§ EXERCISE OBJECTIVE:
Scan the records below for the line with "Картинка девушка фотографируется" and the line with "発火するニュージーランドセメントトッカ(TOCCA) ボディーケアスクラブ フローレンスの香り", and retype that range exactly, both ends included, pictures excepted.
(INPUT DATA)
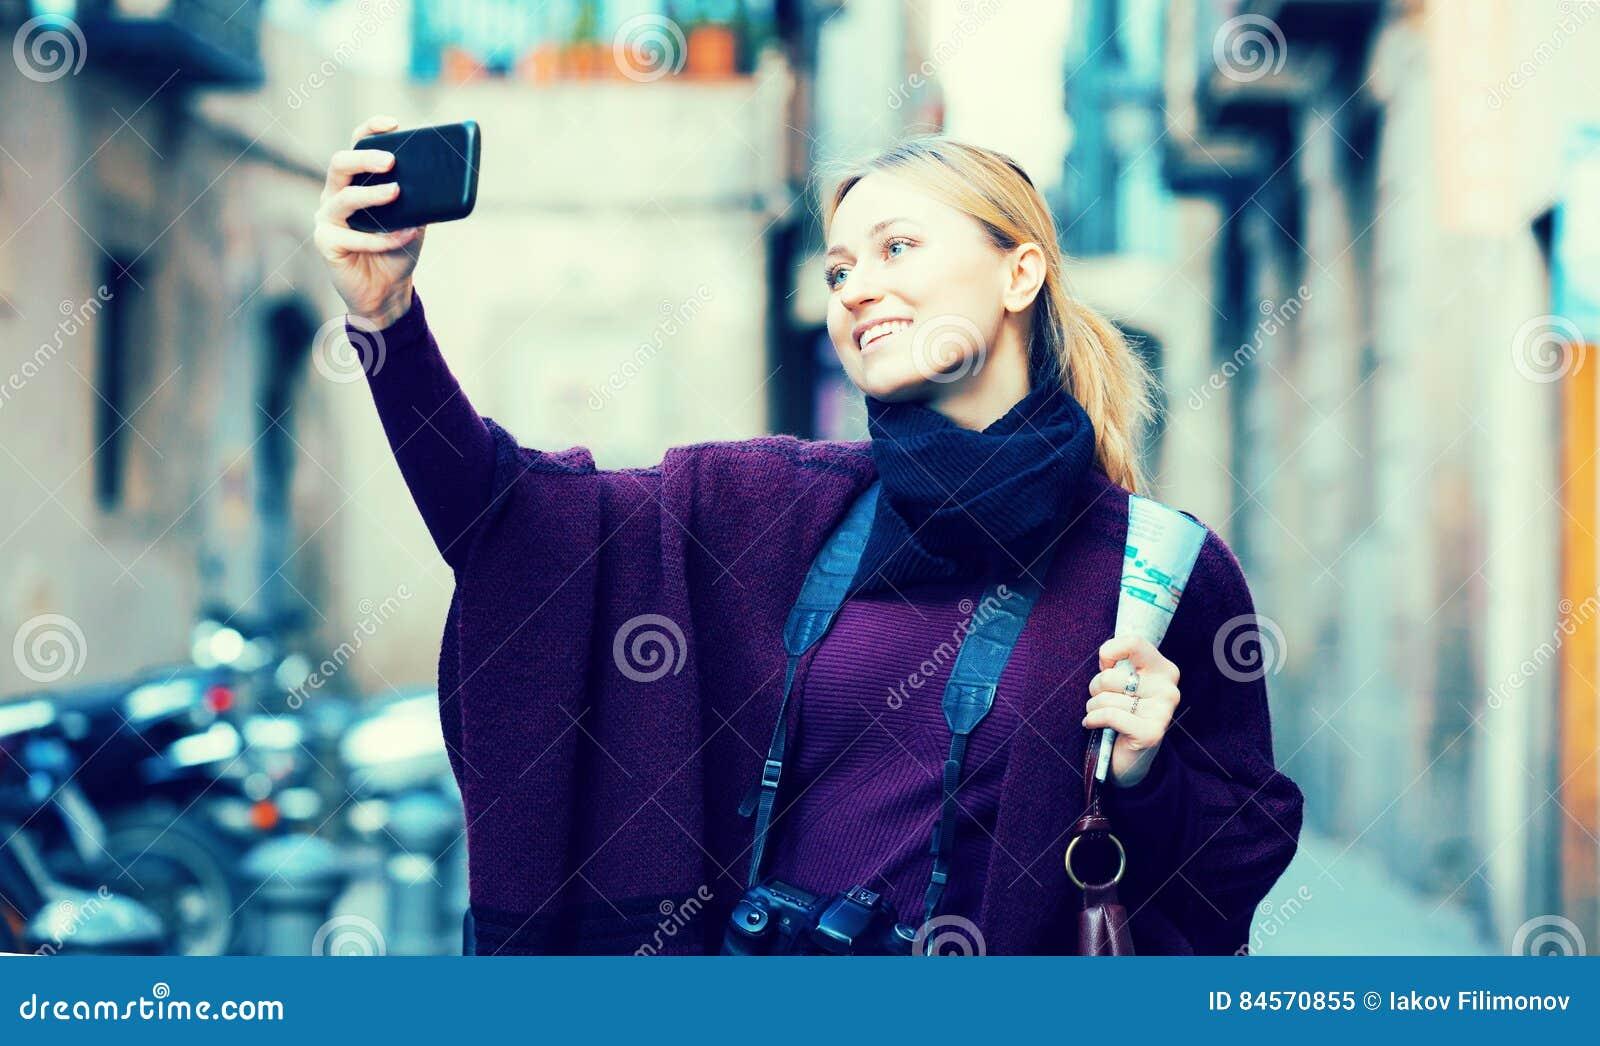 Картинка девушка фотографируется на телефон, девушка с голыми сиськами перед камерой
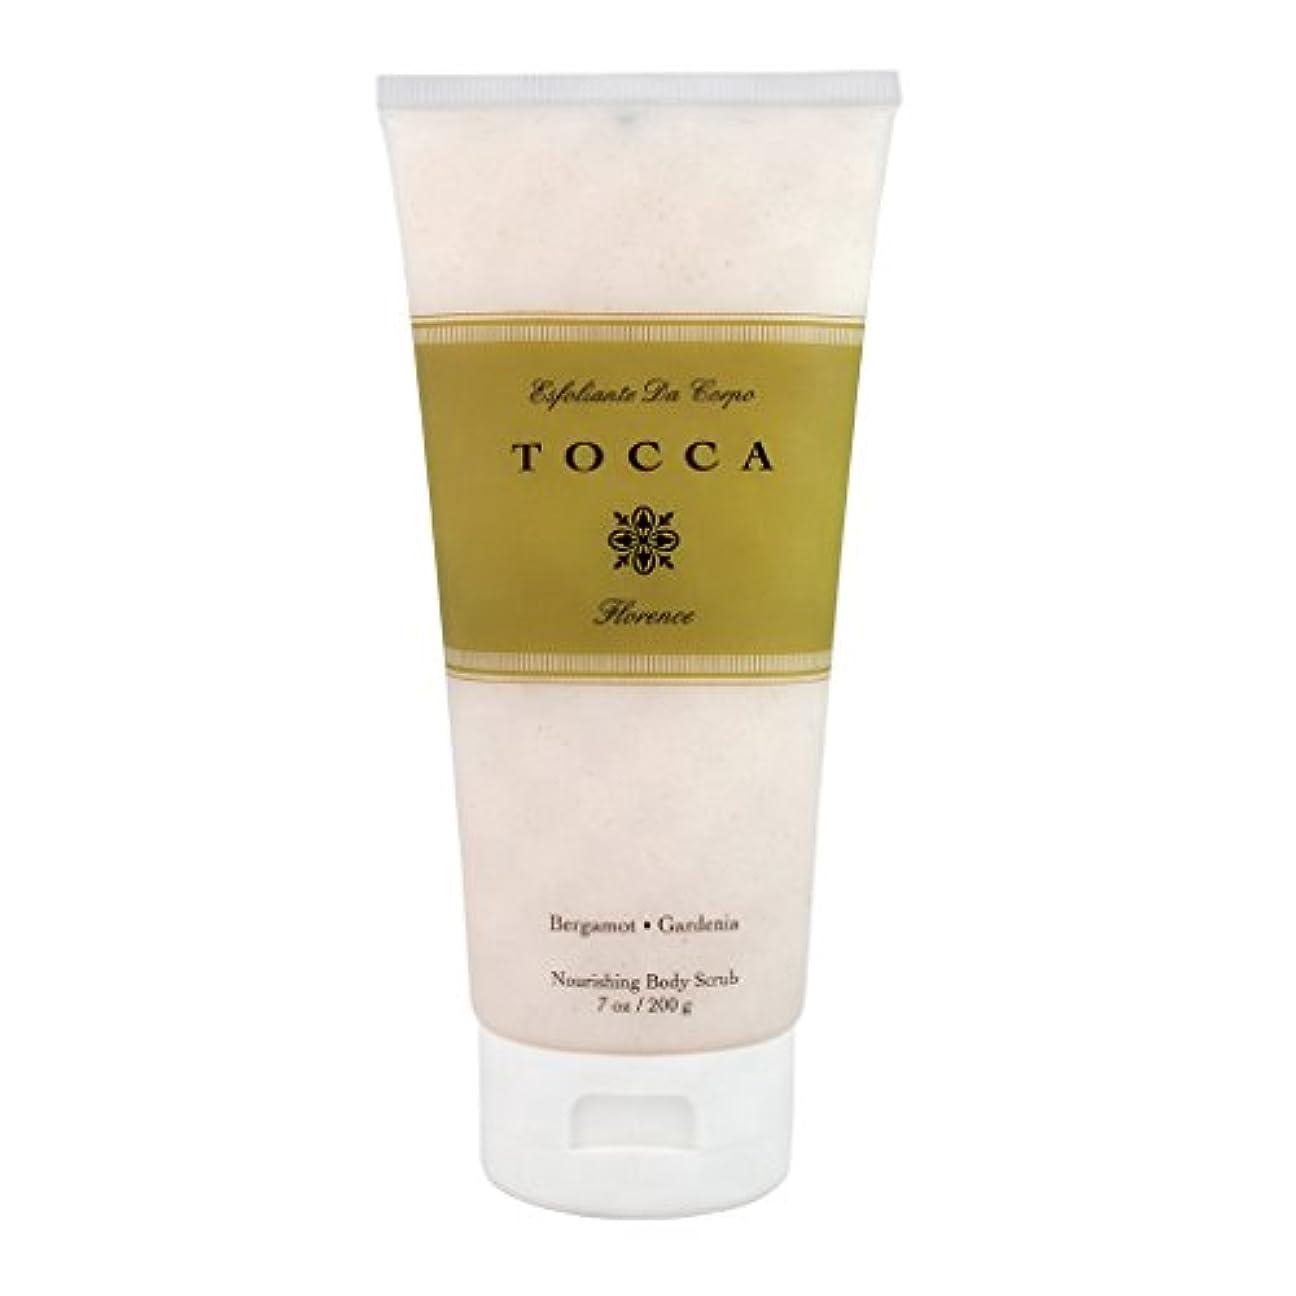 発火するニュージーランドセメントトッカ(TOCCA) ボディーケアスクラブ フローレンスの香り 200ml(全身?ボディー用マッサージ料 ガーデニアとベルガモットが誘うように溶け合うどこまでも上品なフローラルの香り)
(End INPUT DATA)
(INPUT DATA)
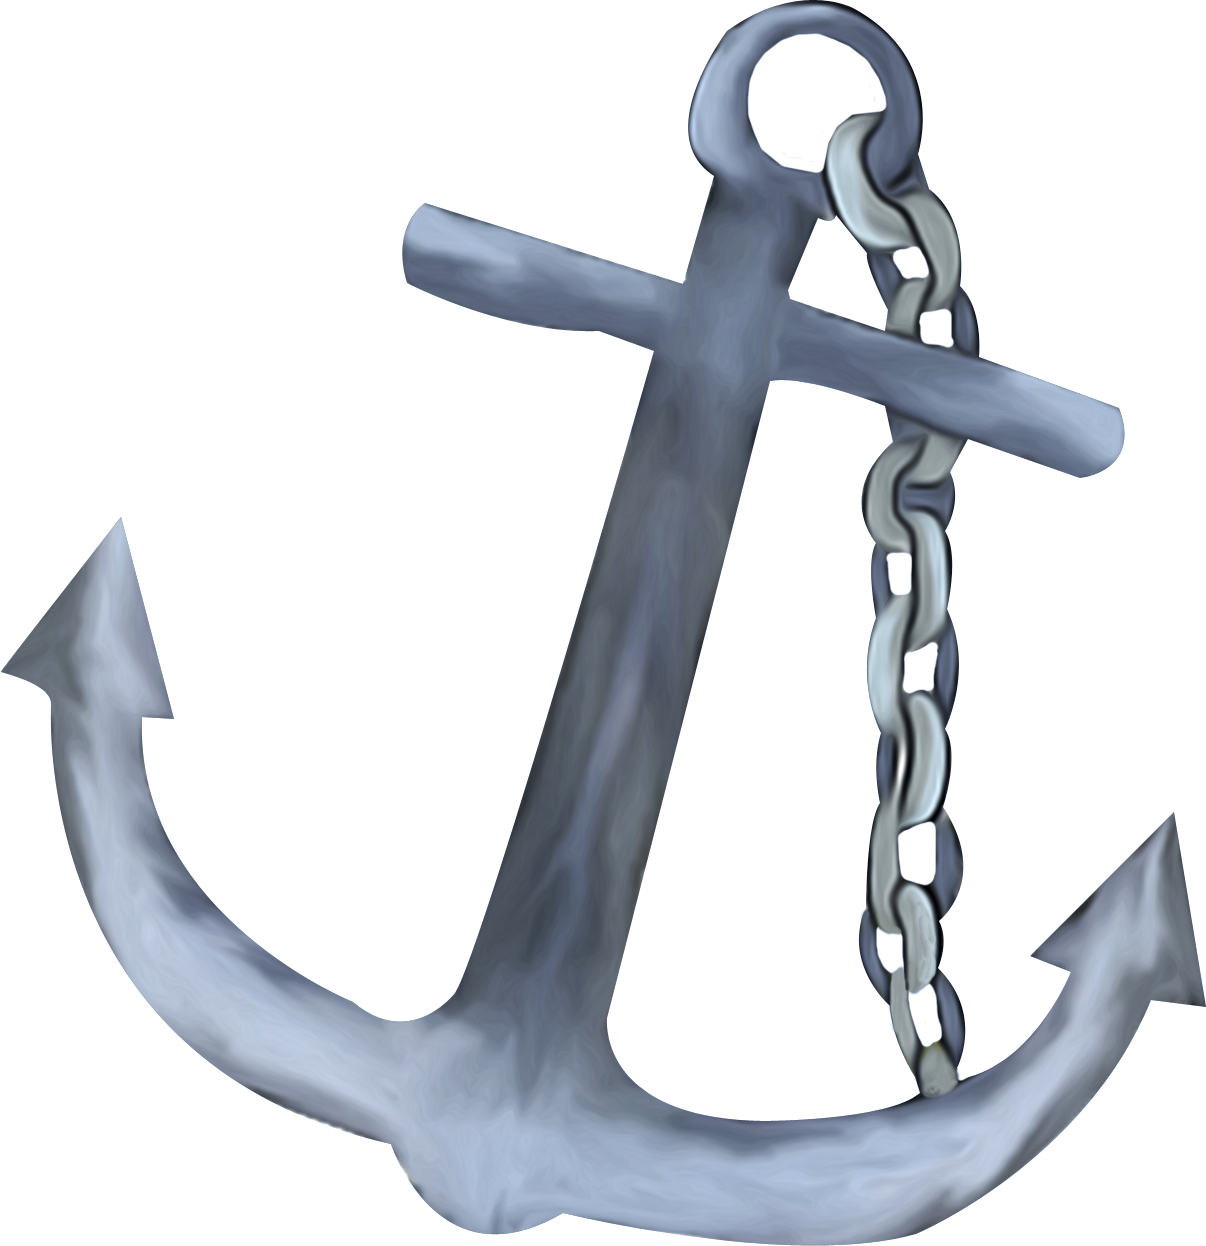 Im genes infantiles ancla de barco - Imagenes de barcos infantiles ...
(End INPUT DATA)
(INPUT DATA)
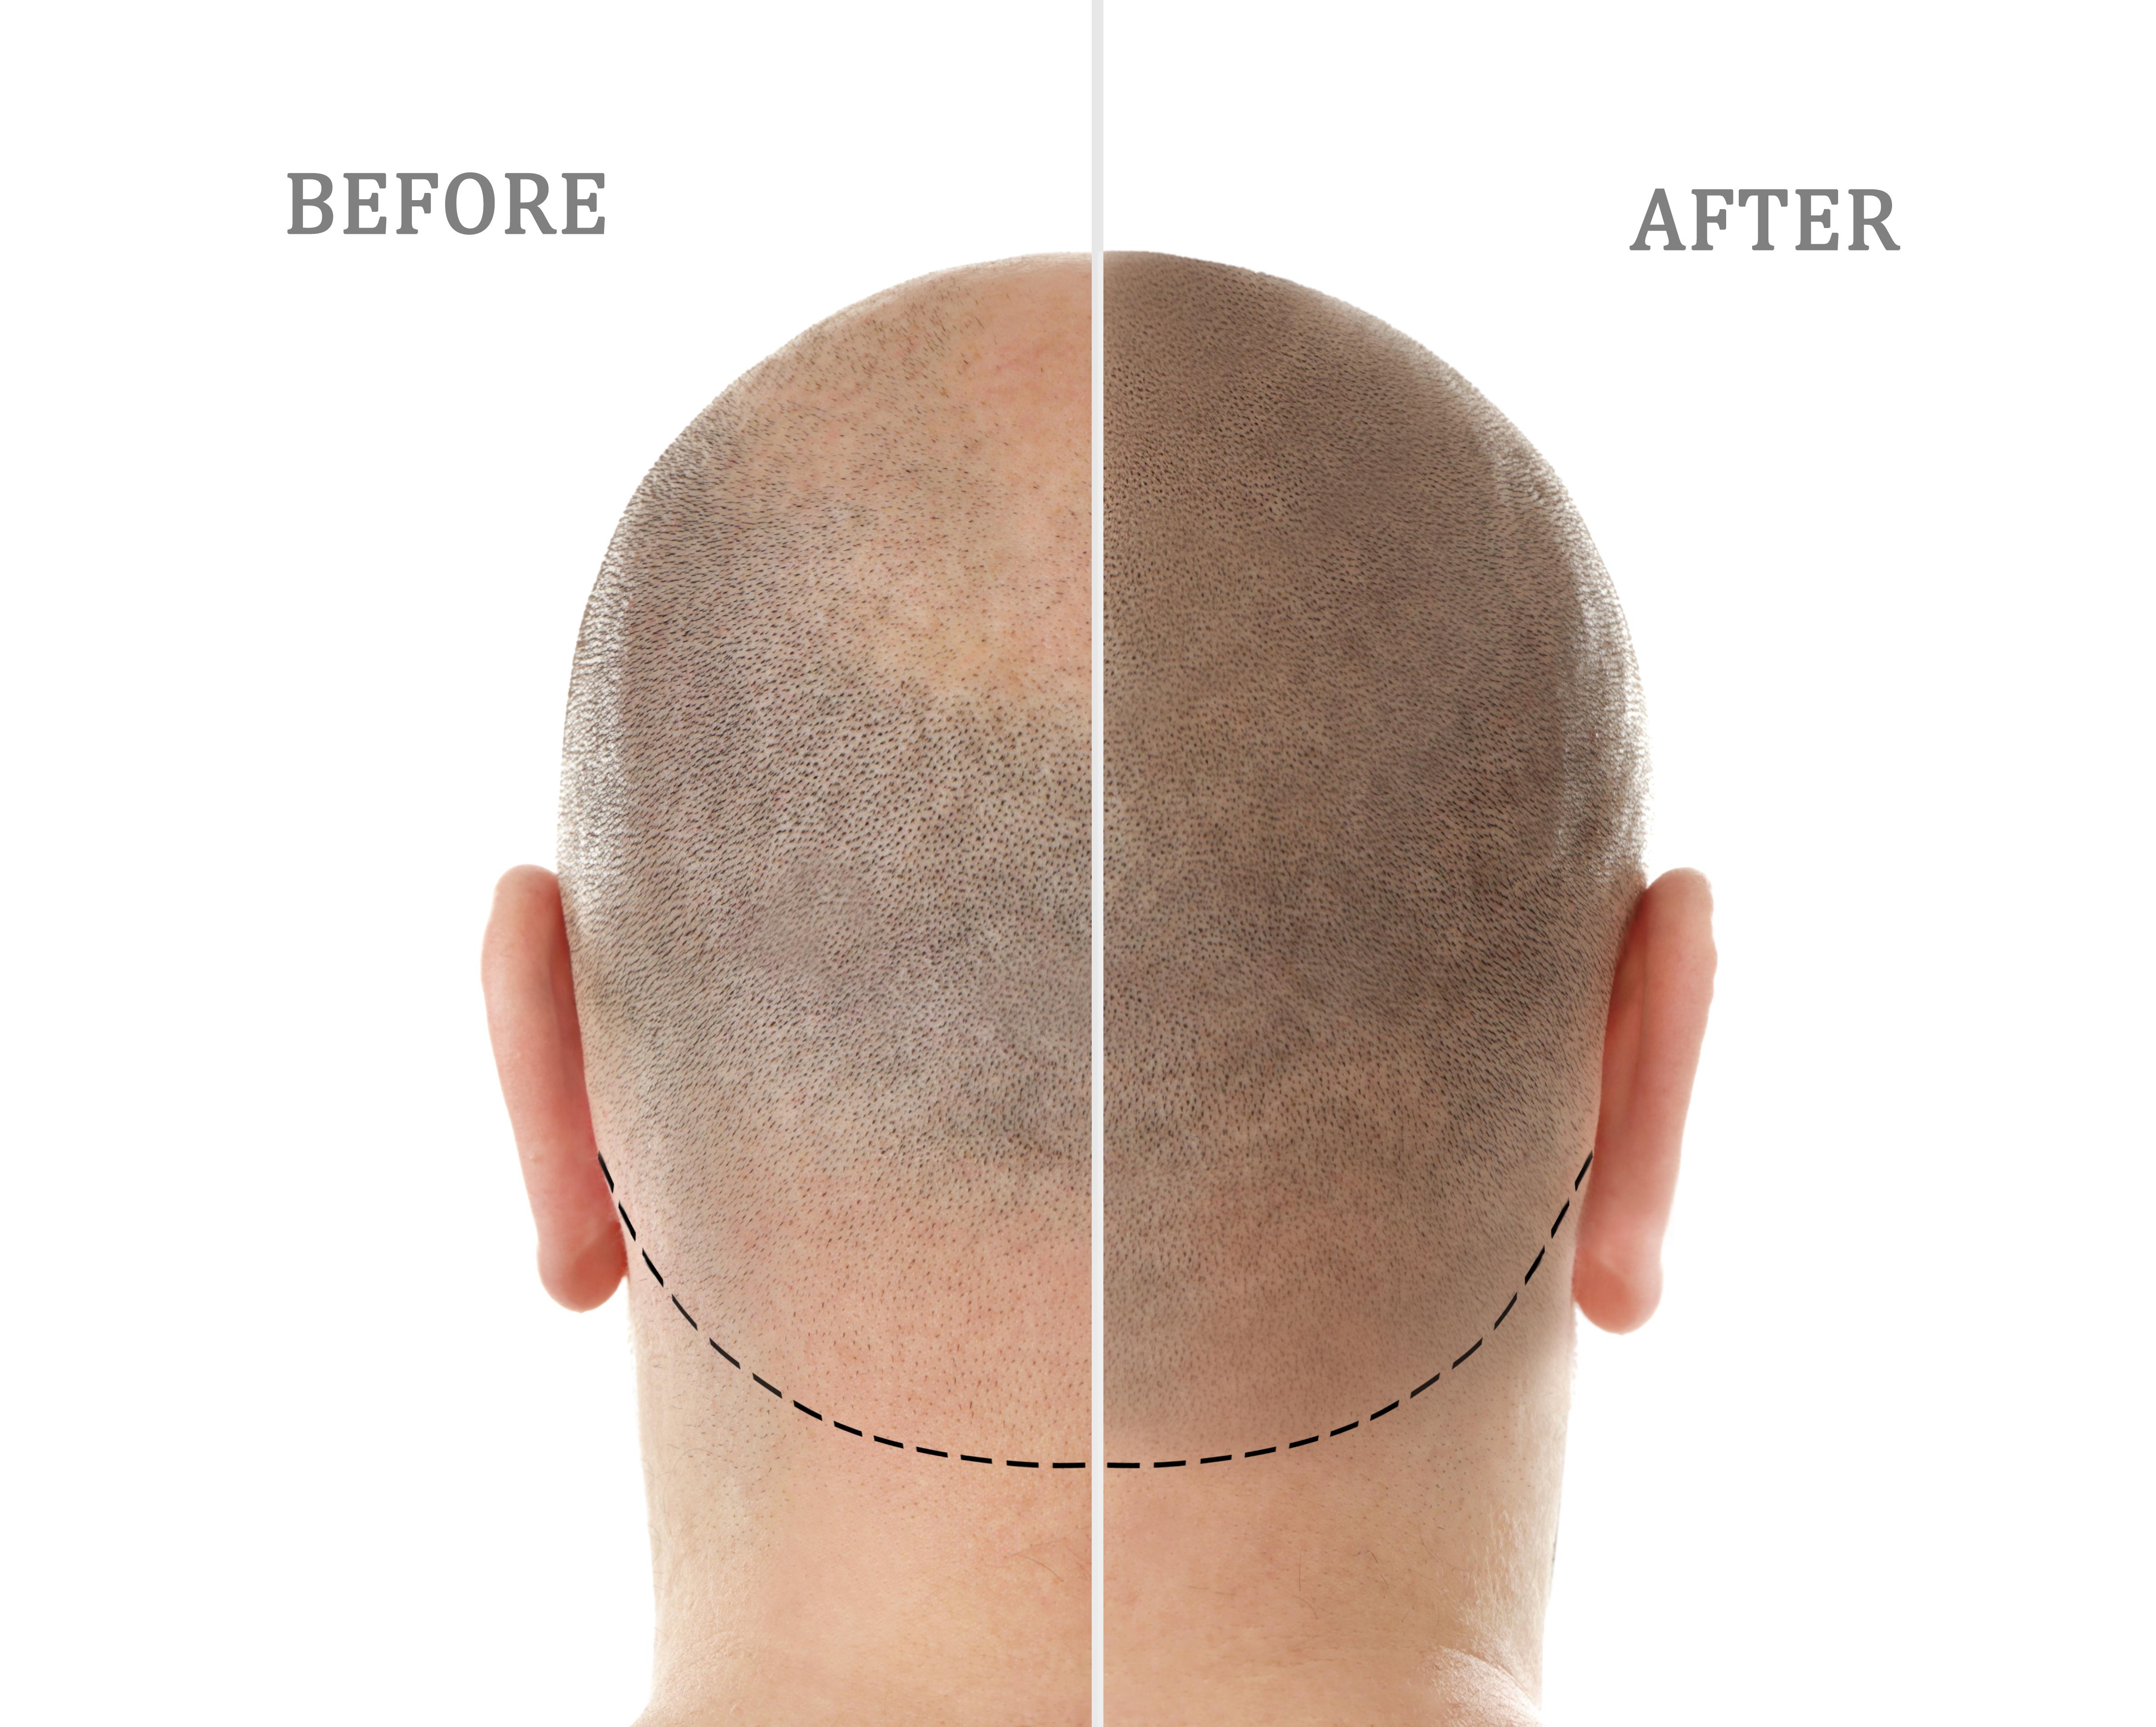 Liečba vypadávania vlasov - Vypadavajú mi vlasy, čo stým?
(End INPUT DATA)
§ REPLY TO THE EXERCISE:
 Картинка девушка фотографируется на телефон, девушка с голыми сиськами перед камерой
 発火するニュージーランドセメントトッカ(TOCCA) ボディーケアスクラブ フローレンスの香り 200ml(全身?ボディー用マッサージ料 ガーデニアとベルガモットが誘うように溶け合うどこまでも上品なフローラルの香り)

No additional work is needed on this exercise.